An alternative method to identify target genes for distal Candidate Functional SNPs is to modulate the chromatin state of the element using ZFPs or TALEs fused to a chromatin modifying domain or by using a “dead” Cas9 that has no nuclease activity (dCas9) fused to a chromatin modifying domain; such engineered systems are termed “epigenetic toggle switches.” To mimic deletion of an enhancer, epigenetic repressors can be employed. The lysine-specific histone demethylase KDM1A (also known as LSD1) and a KRAB domain that recruits the KAP1/SETDB1 histone methylase have been fused to TALEs and dCAS9; constructs having KDM1A should decrease active histone methylation marks whereas constructs having the KRAB domain should increase inactivating histone methylation marks. One study has suggested that dCas9-KRAB is more efficient than TALE-KRAB for inactivating enhancers, perhaps due to steric hindrance caused by bound dCas9 in preventing recruitment of activating factors [103]. Another study that targeted dCas-LSD1 to the distal enhancer of Oct4 and Tbx3 showed loss of H3K4me2 and a dramatic decrease of H3K27Ac at enhancer regions. Interestingly, the action of dCas9-LSD1 was shown to be specific to enhancers, with very little consequences if targeted to promoters. In contrast, in another study dCas9-KRAB was more effective at promoters, resulting in an increase of H3K27me3 or H3K29me3 level at targeted promoters but not at targeted enhancers [104].

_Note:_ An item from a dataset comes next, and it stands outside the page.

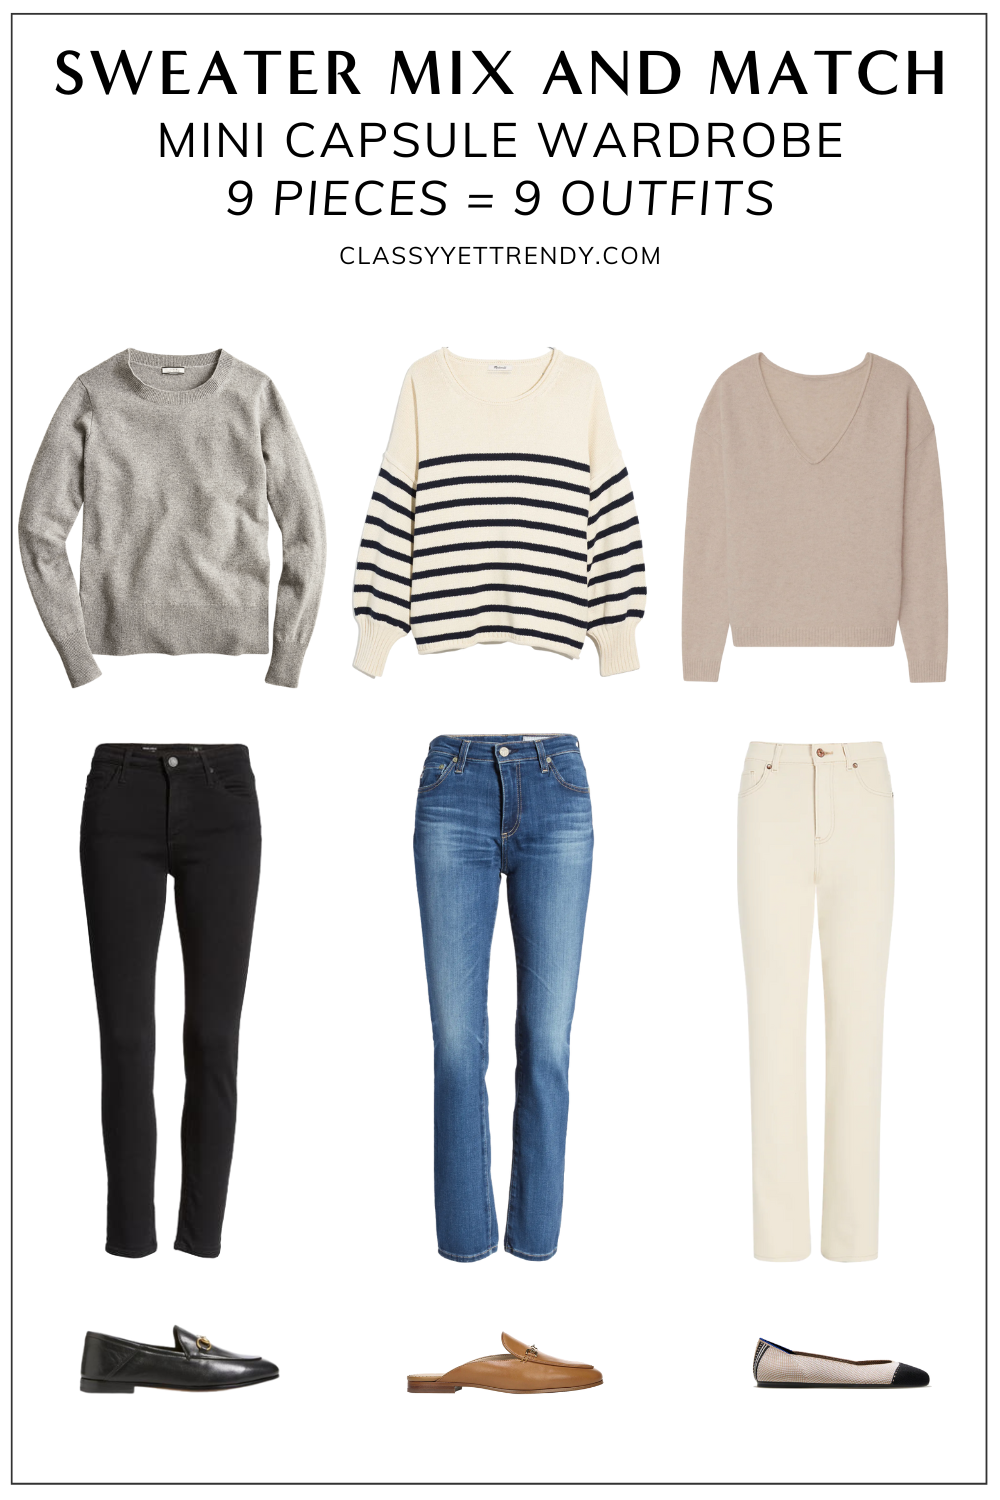 How To Style Sweaters In Your Fall And Winter Outfits - Classy Yet Trendy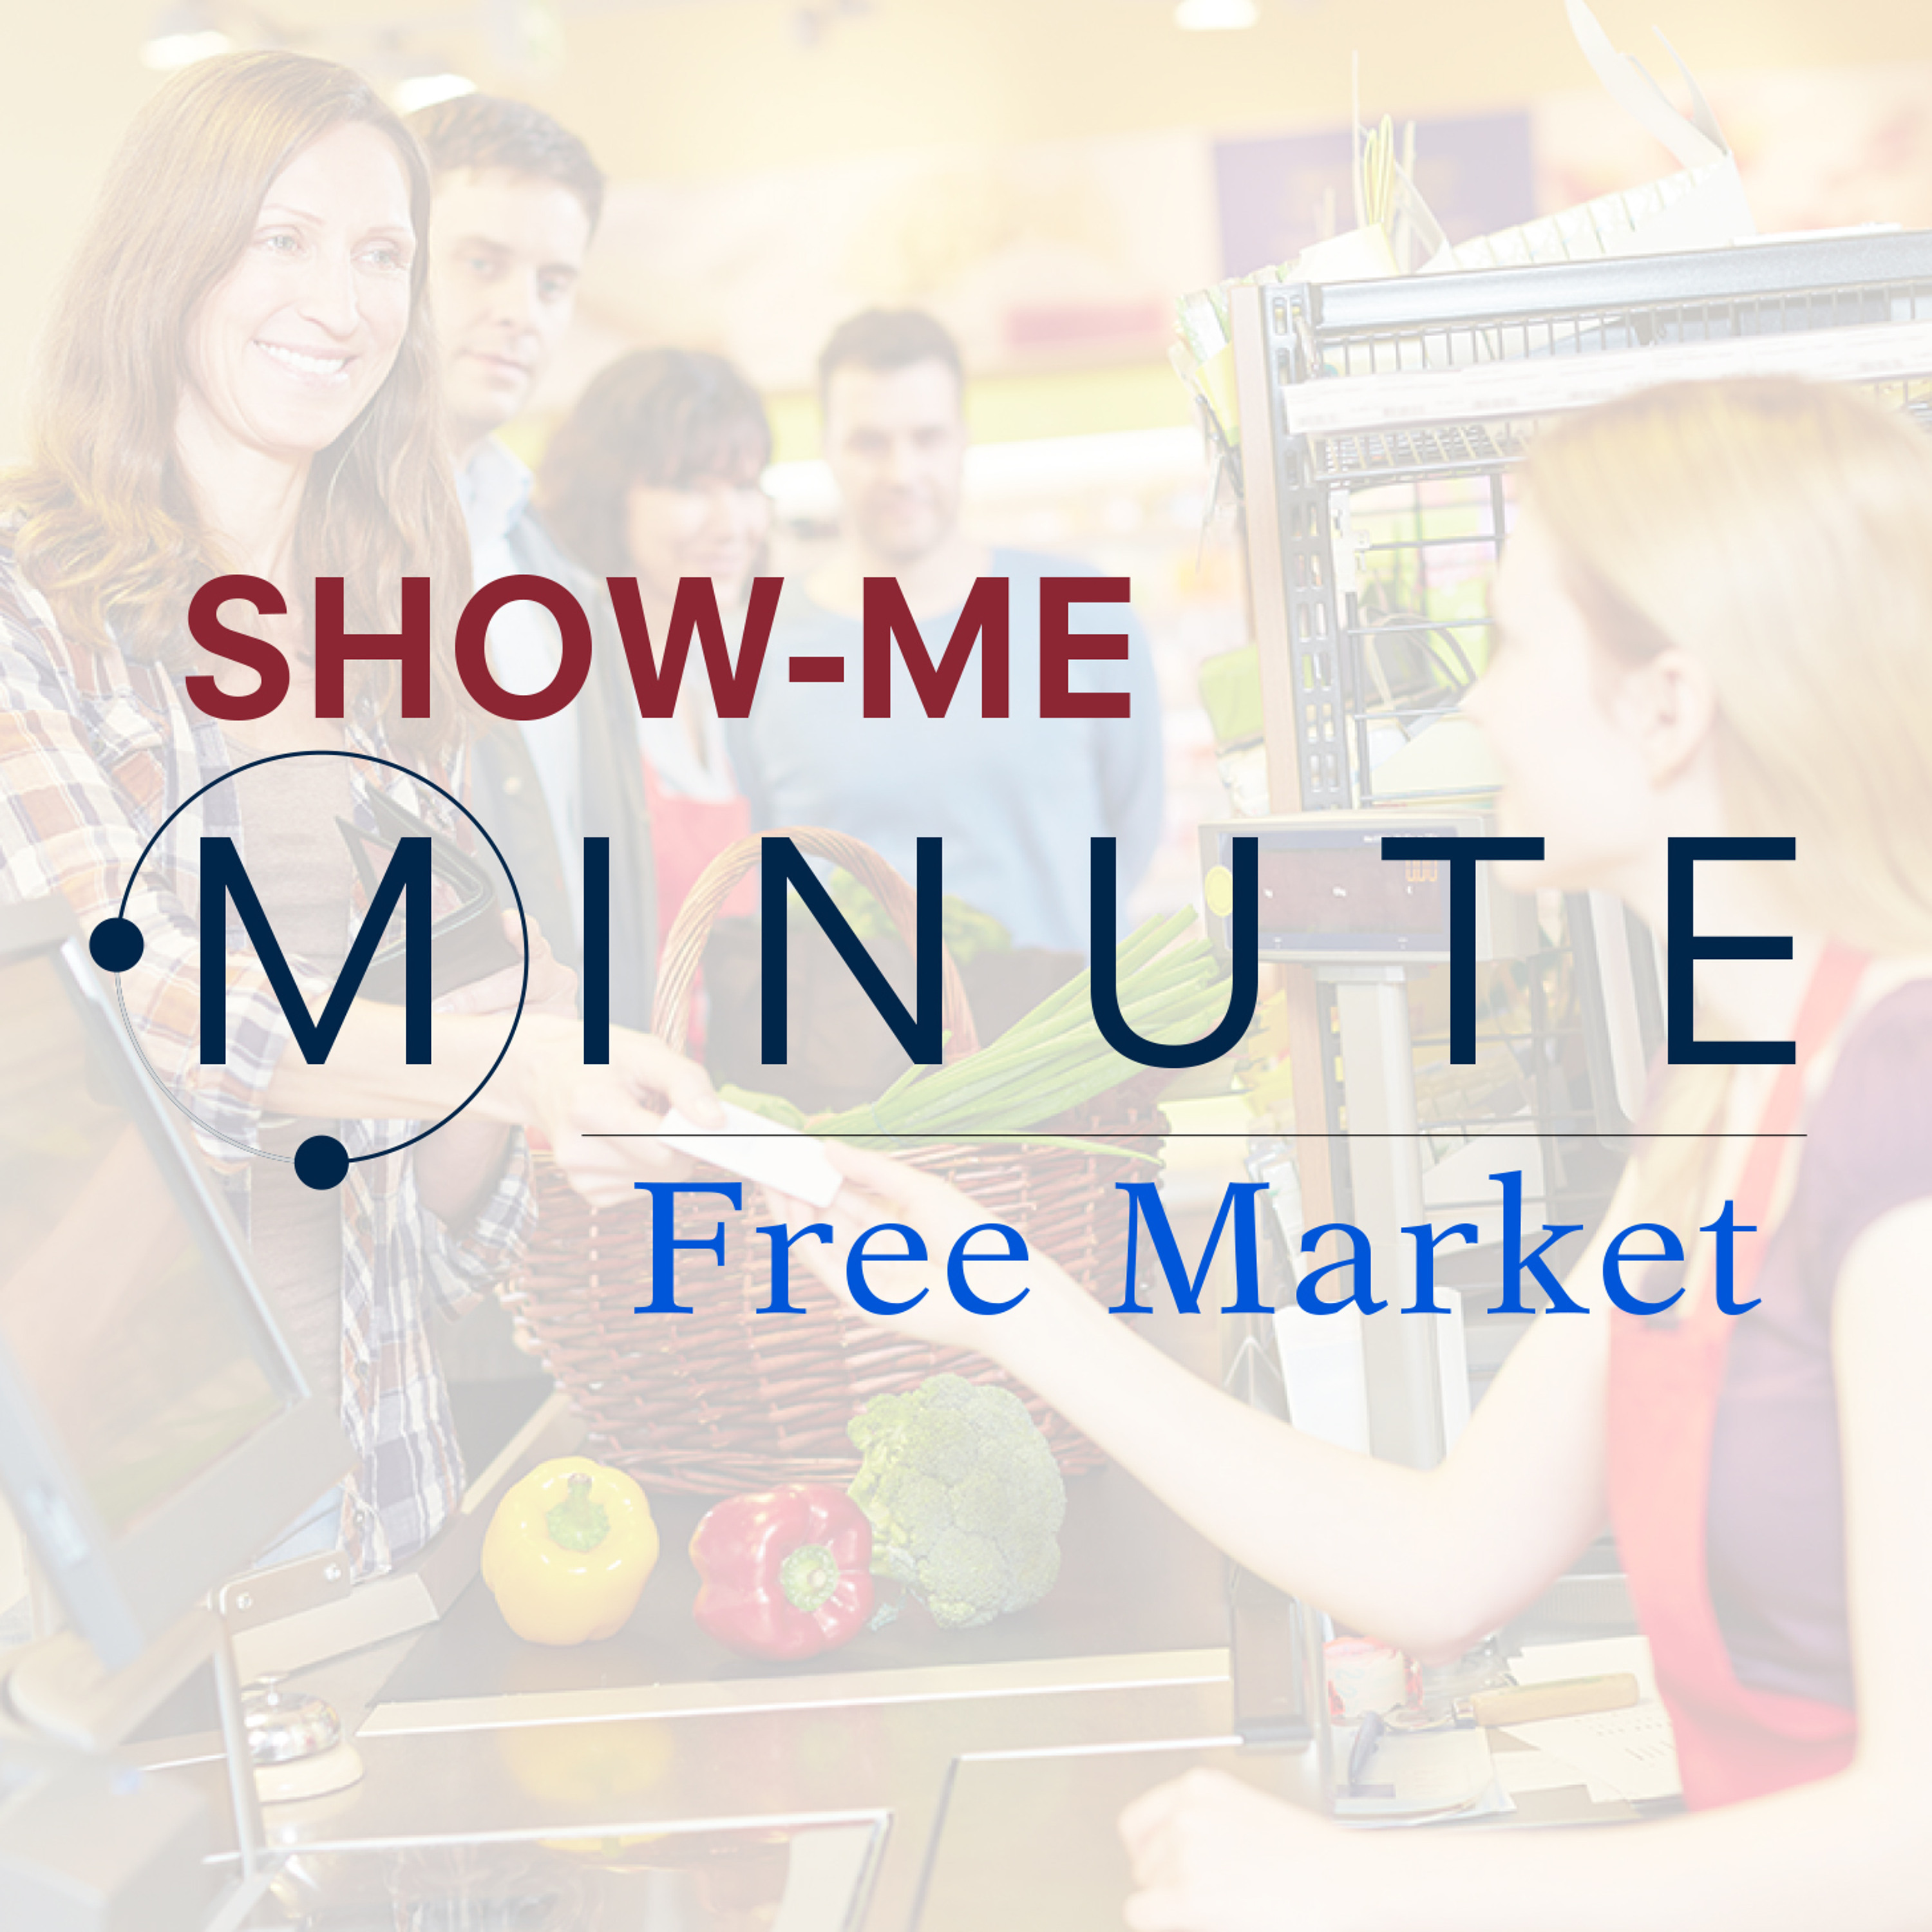 Show-Me Minute: Free Markets

To achieve the opposite effect, investigators have used domains such as VP64, an activating domain that recruits HATs, as well as the enzymatic domain of the p300 HAT to increase the levels of active epigenetic marks at regulatory elements. Gao et al. modified enhancers that regulate the Oct 4 gene using either TALE-VP64 or dCas9-VP64. These enhancers are normally only active in embryonic stem cells and are marked by the repressive histone modification H3K27me3 in mouse embryonic fibroblasts. They found that dCas9-VP64 less robustly activates the Oct4 enhancers compared to TALE-VP64; in addition, TALE-VP64 constructs targeted to these enhancers decreased levels of H3K27me3 and increased levels of the active marks H3K27Ac and H3K4me1 [103]. Polstein et al. used TALE-VP64 and dCas9-VP64 for comparison in genome-wide DNA binding, gene expression, and DHS-seq [94]. Although both platforms demonstrated high specificity in DNA binding and gene expression assay, there were several differences. Namely, ChIP-seq signals at the target sites were higher for dCas9-VP64 than for TALE-VP64, whereas gene expression was greater using TALE-VP64. The authors speculate that perhaps the dissociation of genomic DNA caused by the RNA-DNA interactions mediated by the guide RNA affected nearby transcription complexes; they suggest that new dCas9-based activator platforms may show more robust transcriptional activity [105]. A recent study showed that the catalytic domain of the HAT P300 (P300core) fused to dCas9 could activate target enhancers and promoters. In this study, a single gRNA targeting an enhancer region with dCas9-P300 core was sufficient to activate target gene expression, whereas other dCas9 activators required several gRNAs to achieve high levels of gene expression [106]. The authors suggested that the P300 domain may be superior to the VP64 domain because P300 directly regulates histone acetylation whereas VP64 must recruit a HAT. It is possible that many of the differences in effectiveness of the various activating or repressing epigenetic toggle switches in the different studies are due to specific features of the exact promoters and enhancers that were studied. However, considering the ease of cloning guides RNAs, it seems that CRISPR/dCas9 constructs such as dCas9-P300core and dCas9-LSD1 could become a standard method used to identify target genes after turning on repressed enhancers or turning off activated enhancers, respectively.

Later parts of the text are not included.